Fu Gui Gardens is at 14720 E. Sprague Ave., near Sprague Avenue and Adams Road.

Small bites

• My colleagues have been raving about the “dork” burgers from Hills’ Restaurant and Lounge, 401 W. Main Ave.

Chef Dave Hill says the burgers are equal parts duck and pork. They’ve proven popular and they’re considering making them a regular offering during an upcoming menu update. He found the idea online and “just kind of flew with it.”

“It’s a great alternative to beef or chicken. It’s got a great flavor,” he says.

He’s offered the burgers topped with barbecue sauce and Swiss cheese and with grilled onions and gorgonzola. He jokes that he briefly considered dubbing them “puck” burgers.

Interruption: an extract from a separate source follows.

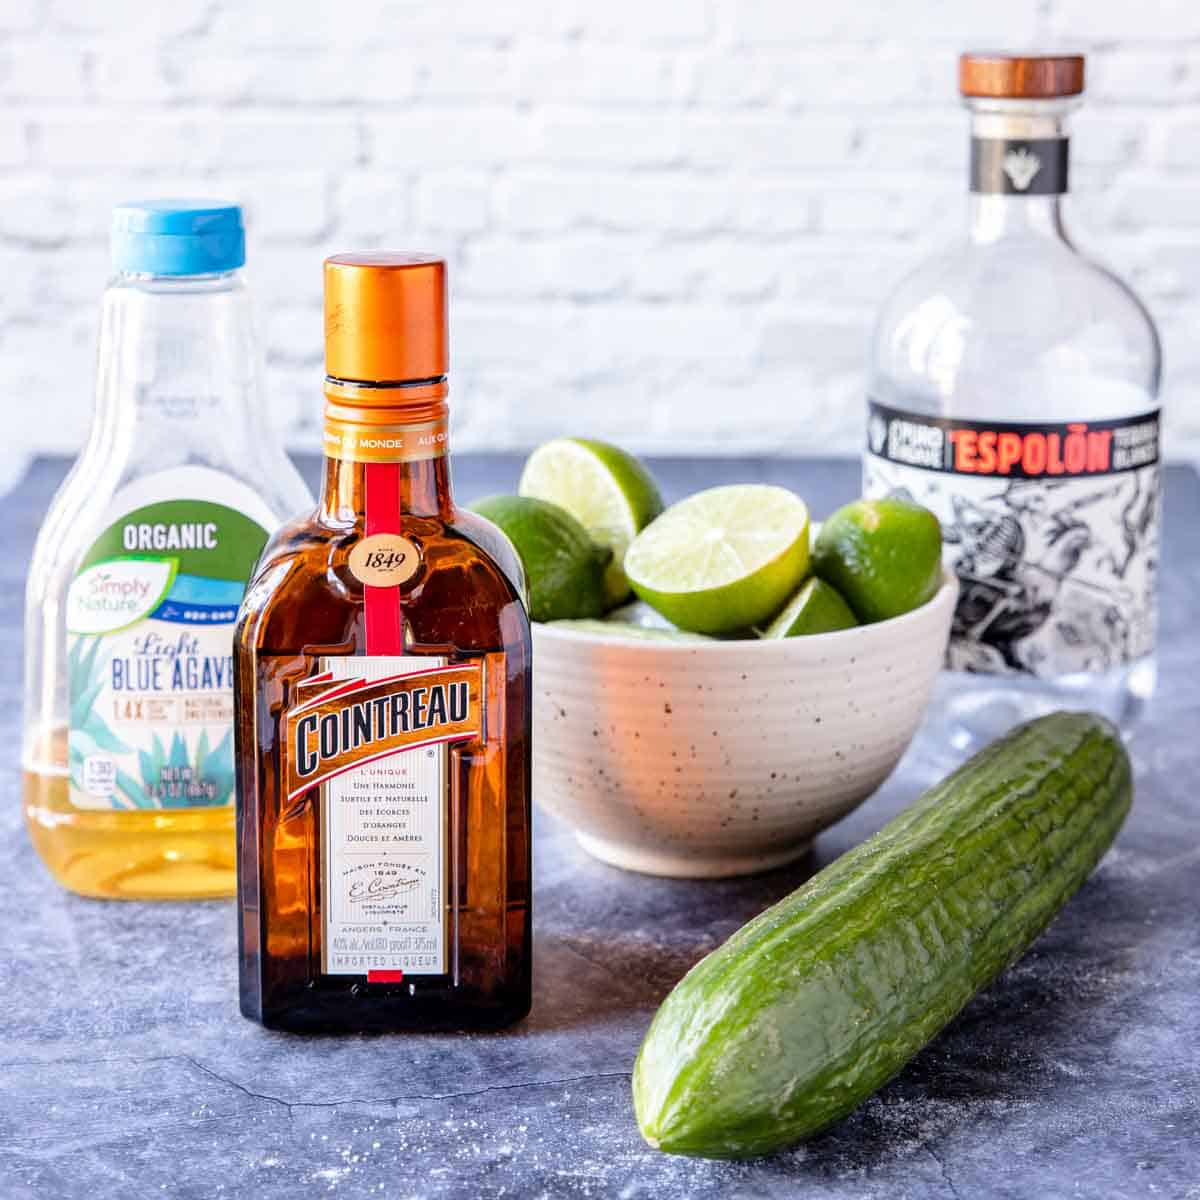 Ingredients for cucumber margaritas on a table

Find Hills’ menu and details about an upcoming brewer’s dinner on the Web site www.hillsrestaurant andlounge.com/.

• The Flatbread Pizza Co.’s distinctive Italian pizza-oven-on-a-trailer will be making some fall stops around town.

Owner Daniel Lewis says they’ll be at The Scoop, 1001 W. 25th Ave., 6-9 p.m. on Friday and again Sept. 25. Lewis serves gourmet flatbread pizzas from an imported Forno Bravo wood oven mounted on a custom-built trailer.

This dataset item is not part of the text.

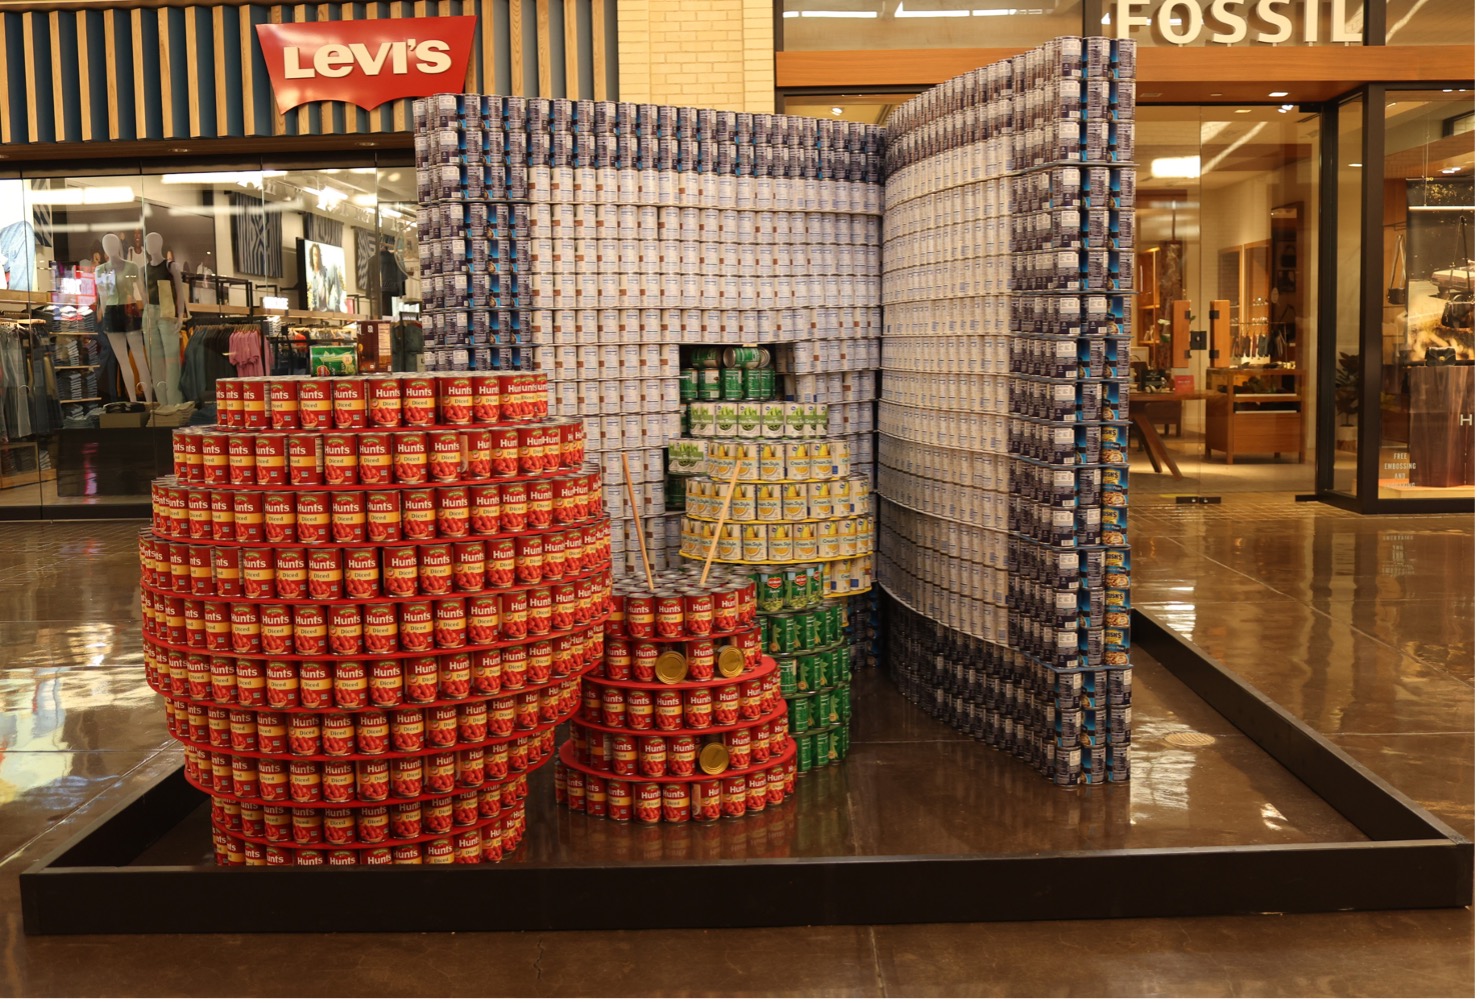 Canstruction returns to NorthPark

The freeform pizzas take just two to three minutes to cook in the oven, which hits a smoking 600 to 800 degrees. They burn applewood to give the pizzas the distinctive flavor. The 10-inch personal pizzas are $6 to $8 each depending on the toppings.

They’ll also fire up the oven for the annual harvest party at Pend Oreille Winery in Sandpoint on Saturday. (The harvest party at the winery runs Friday, Saturday and Sunday. Details are on the Web site at www.powine.com.)

The Flatbread Pizza Co. also starts a six-week fall engagement at Siemers Farm on Greenbluff. They’ll be at the farm, on Day-Mount Spokane Road, each Saturday starting Sept. 19.